Why is it necessary to store energy and for how long?

As with all consumer goods, energy supply and consumption are generally not simultaneous. As a result, temporary storage capacity is needed, for a period of a few hours to a few weeks. We also build up energy reserves for a few months to compensate for possible supply disruptions. In addition, we have surplus energy resources in the summer, which we must store as much as possible for use the following winter, thus reducing our energy dependence on foreign countries.

The availability of energy on demand, without unexpected interruptions, is a prerequisite for the proper functioning of industrialised countries. Any disruption in supply entails very high costs, not only economically, but also socially (welfare, health, safety).

Liquids can be easily stored, which greatly facilitates the logistics of supplying fuels and combustibles. We store petrol and diesel at different points in the supply chain, including petrol stations and car tanks. In addition, Switzerland, like all countries, maintains strategic stocks of fuels and combustibles to ensure its supply for a few months in case of import disruptions [→ Q22].

The storage of electricity presents a particular supply challenge, as this energy cannot be stored as such. Therefore, the electricity produced must always equal the electricity consumed throughout the network. As demand fluctuates constantly, output must be adjusted up or down across the entire network. With the new intermittent renewable energies (solar and wind), production also varies, depending on weather conditions. Adequate reserve capacity is therefore a prerequisite for balancing supply and demand. In practice, this means a number of standby power plants that can be instantly switched on when needed. This is known as “adjustment capacity”. In a liberalised market, these facilities, which make their generating capacity available to the grid, are remunerated for not producing. The plants that do not produce are remunerated through an auction system defining the “adjustment market”. In Switzerland, 6% of our production capacity is permanently on standby, available for “adjustment capacity”.

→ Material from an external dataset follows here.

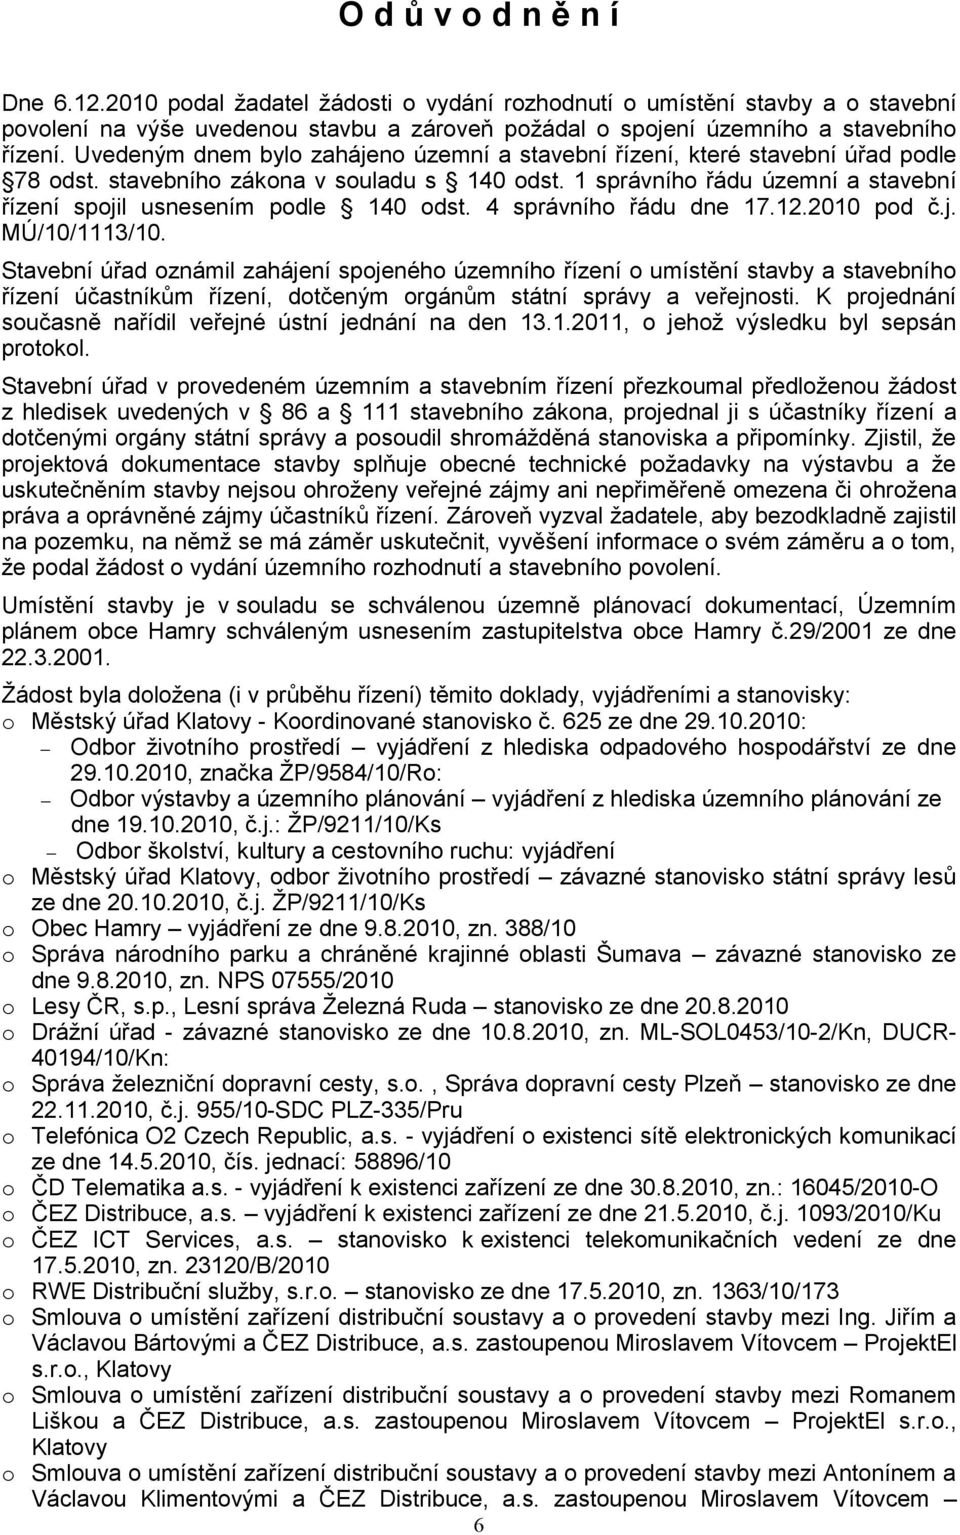 1 správního řádu územní a stavební řízení spojil usnesením podle 140 odst. 4 správního řádu dne 17.12.2010 pod č.j. MÚ/10/1113/10.
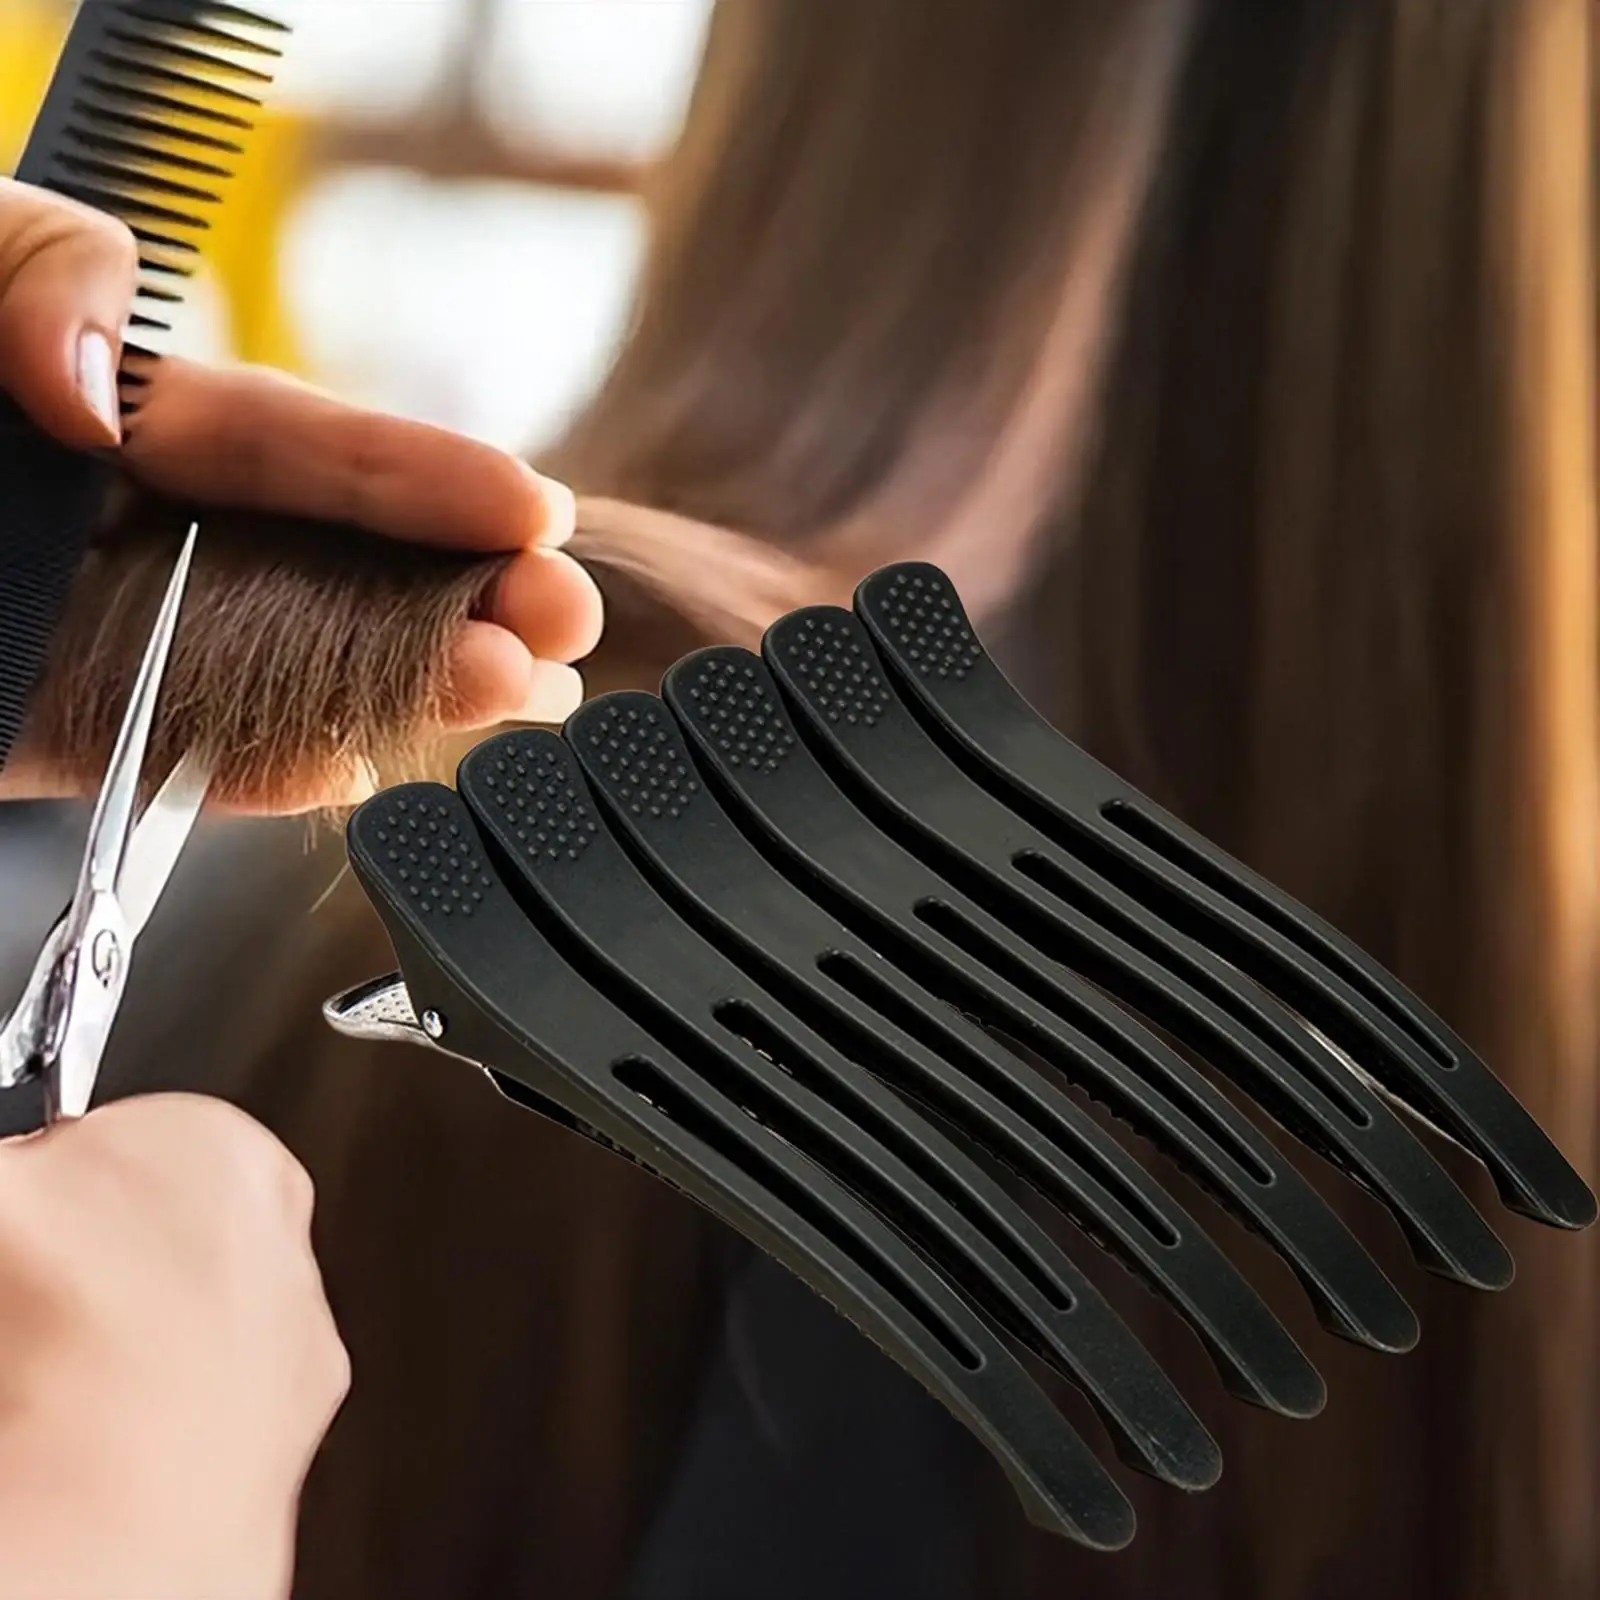 6Pcs Salon Hair Sectioning Clips Duck Billed Hair Clips for Hair Drying Salon Home Styling Sectioning Women Men Hairdresser

Should this reserve capacity prove insufficient (a very rare critical situation), neighbouring countries will come to our rescue with their own adjustment capacity. As the grid is interconnected, it is in nobody’s interest for part of the system to fail, as the repercussions could become critical for the entire European grid. If a large imbalance occurs between production and consumption (e.g. if a power plant breaks down or a high-voltage line is cut by a falling tree), the result is a sudden voltage change, which can lead to a power cut in one part of the grid with the risk of propagation to the whole system.

The opposite situation can also occur, i.e. when electricity production exceeds consumption. This is particularly the case at night, when demand falls sharply but some power stations (nuclear power stations in particular) cannot interrupt their production for technical and financial reasons. In such cases, the power must be removed to avoid an imbalance in the network. Since electricity cannot be stored, the only solution is to convert it into another form of energy that can be stored. This is what Switzerland is doing with its pumped storage facilities [→ Q66], while pilot units exist to convert this electricity into synthetic fuel [→ Q74]. If there is a lack of storage capacity, then this surplus electricity will have to be consumed in one way or another. That is why Belgian motorways are lit up all night long, even though this waste has decreased somewhat in recent years.

Finally, we have very significant energy resources in summer, which globally exceed our needs at this time of the year (solar, hydraulic, waste heat). It is possible to store them for use the following winter. This seasonal storage, which we already practise to a lesser extent with our alpine dams but which could be increased [→ Q76], represents a very attractive strategy for increasing our relatively low level of energy independence [→ Q20].